Now recent LLMs have shown perhaps unexpectedly impressive generalization to tasks which seem to require more than linguistic fluency, like solving math and reasoning problems. Therefore, more recent benchmarks incorporate tests of various tasks going beyond linguistic capability. Two of the most widely used benchmarks include the [MMLU](https://arxiv.org/abs/2009.03300) and the [BIG-Bench](https://arxiv.org/abs/2206.04615) datasets.
Given that SOTA LLMs are also often designed as assisstants and embedded in user-facing applications, it also became crucial to evaluate potenital social impacts that LLMs might exhibit with their outputs, like assessing biases and toxicity of the generations. To this end, specialized benchmarks like [RealToxicityPrompts](https://arxiv.org/abs/2009.11462) or [WinoGender](https://arxiv.org/abs/1804.09301) were created.

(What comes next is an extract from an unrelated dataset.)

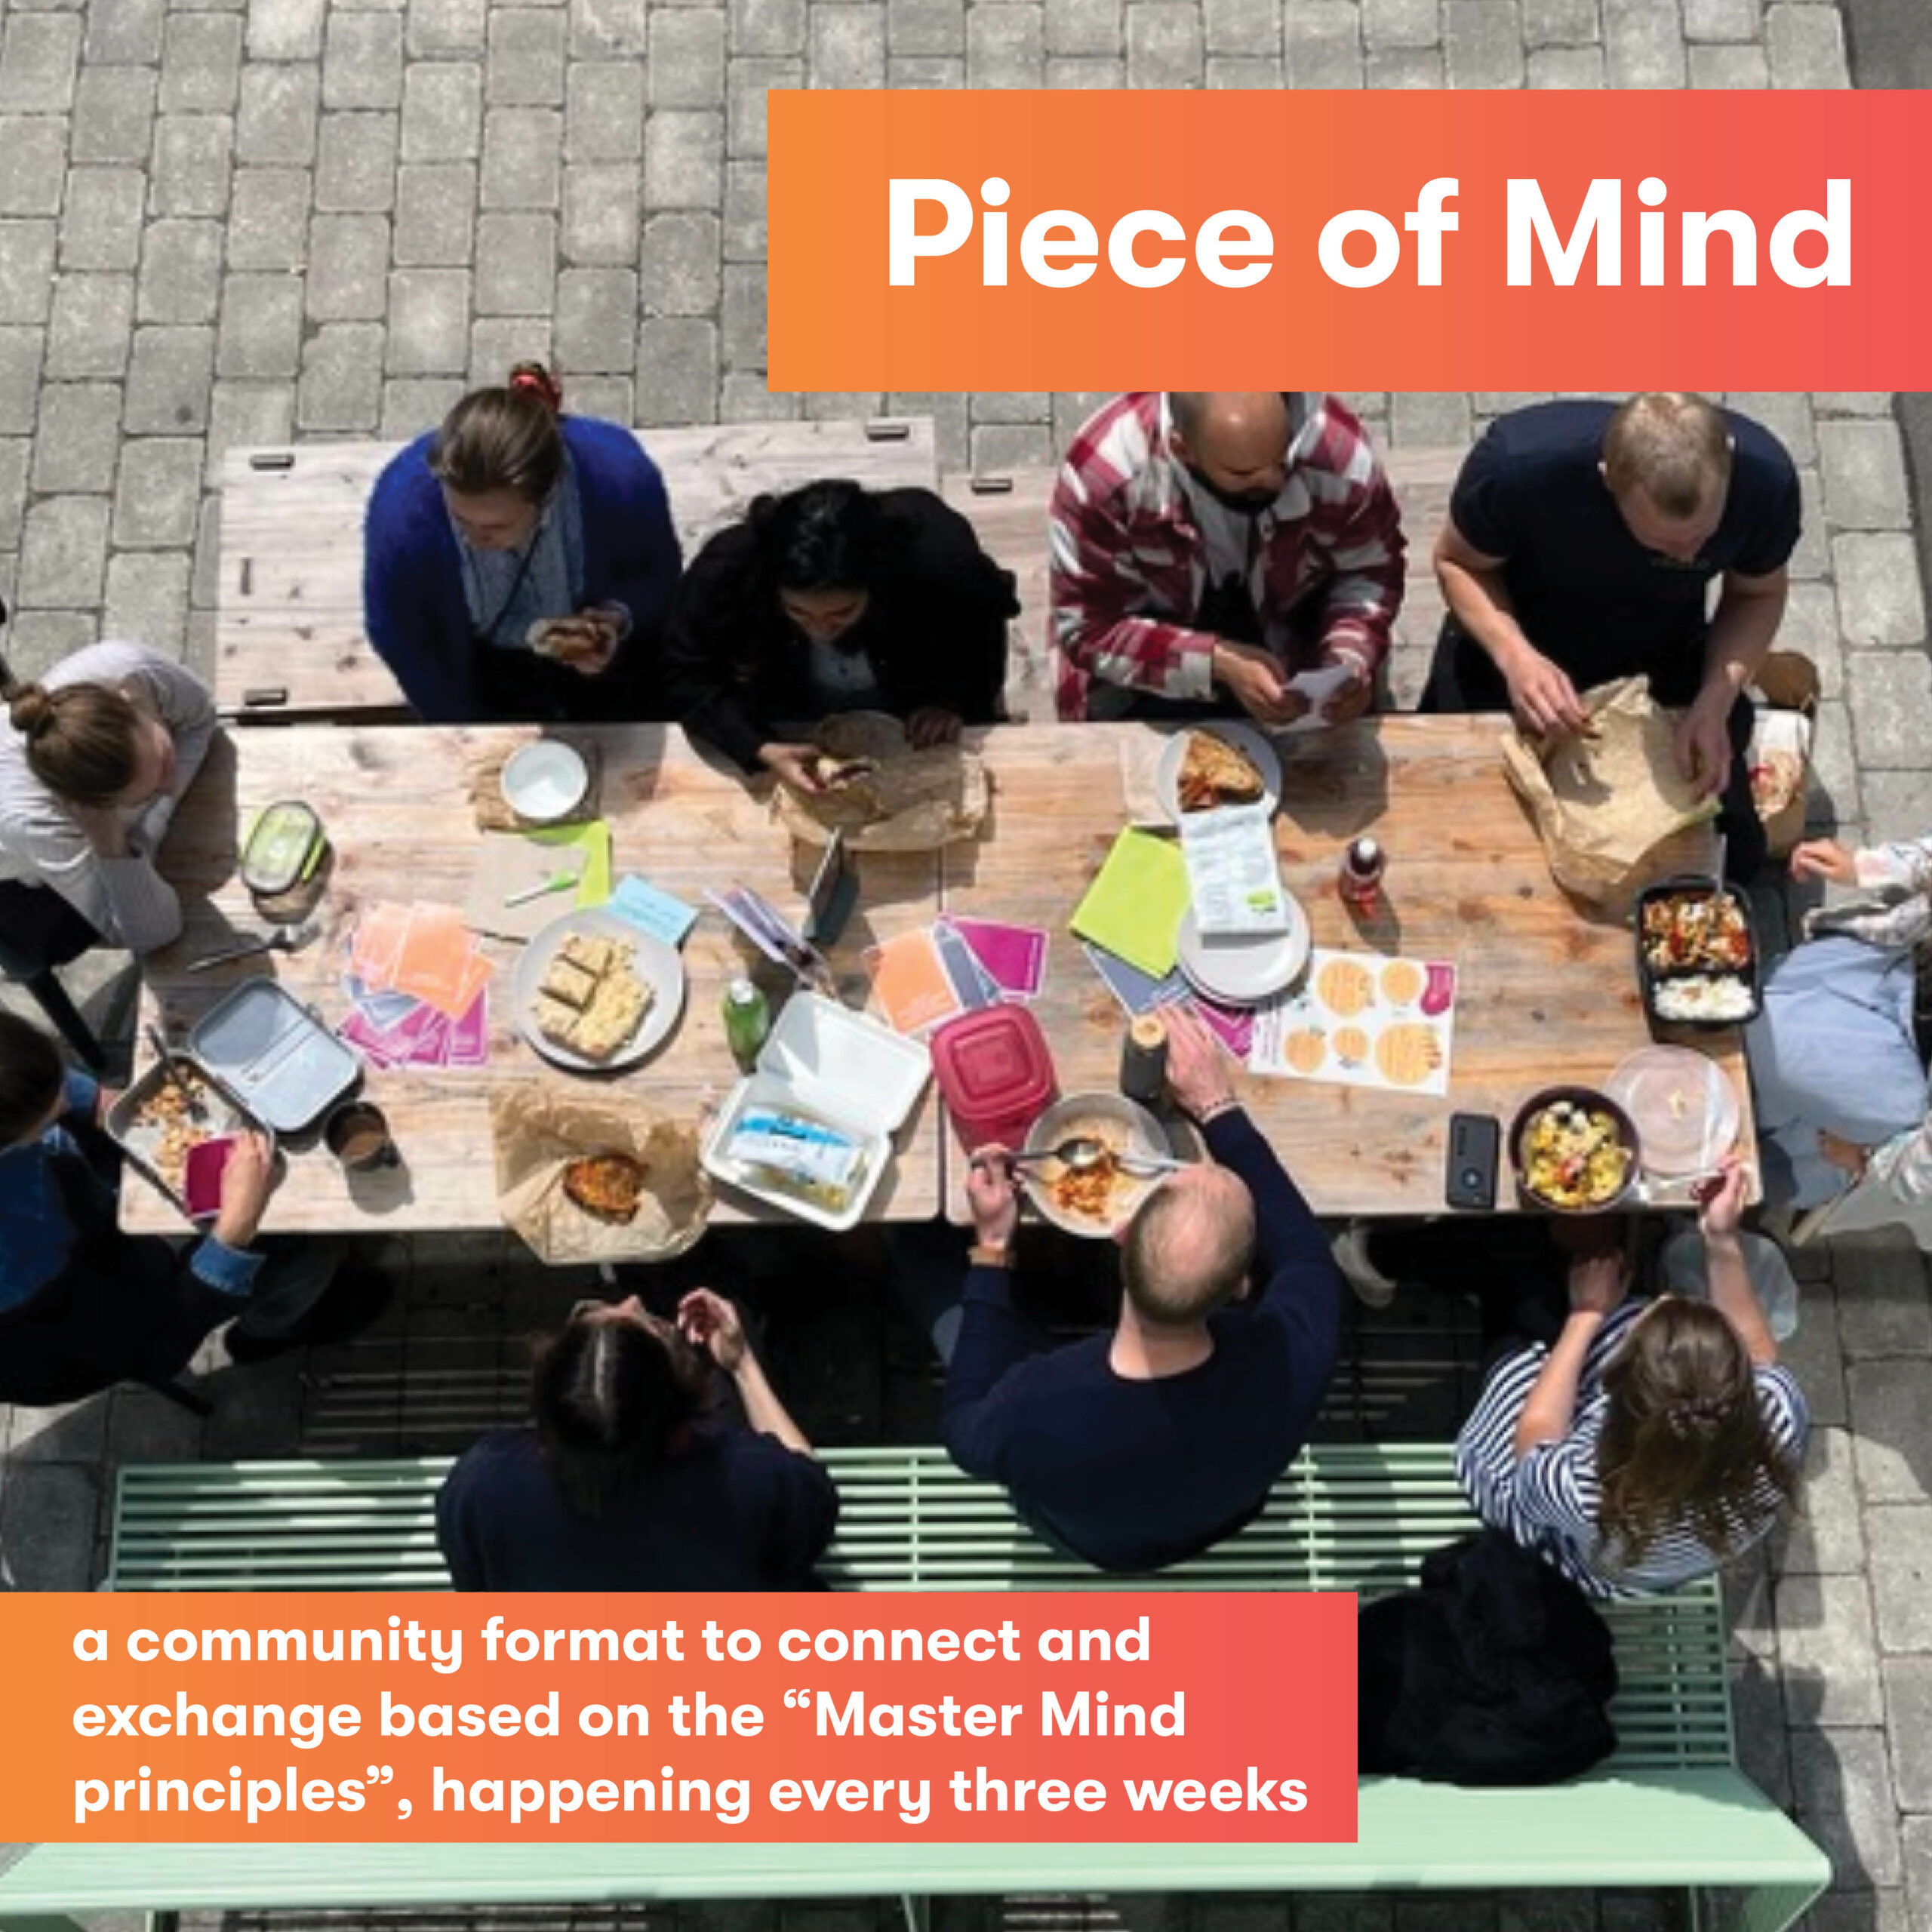 Piece of Mind. A community format to connect and exchange based on the "Master Mind Principles", happening every three weeks.

One crucial assumption behind benchmark evaluation is that benchmarks are representative of tasks and covers a wide variety of data that the model should perform well on in order to count as a good model for its target deployment. Although benchmarks arguably provide a wide coverage (they commonly contain thousands of inputs and answers), they often test only an approximation of what the model does in deployment (i.e., free text generation). 
Furthermore, with newer models trained on newer crawls of the internet, there  are increasing worries of so-called *contamination*, i.e., actually including the test datasets in the training data of the models, thereby potentially inflating the models' true generalization scores. For instance, Wikipedia is included in the training data of most of the modern models. 

Scalably evaluating longer generated texts is quite a difficult task. This is because, intuitively, there is no single "ground truth answer" when it comes to writing; there are many equally good ways of writing summary of a text, or even potentially multiple ways of translating a sentence. This makes text evaluation difficult to evaluate automatically. This is still a largely unsolved issue (!), so that human or machine evaluation is often used. The available methods for automated text scoring are rooted in work on summarization and machine translation, and require (human-written) gold-standard texts. 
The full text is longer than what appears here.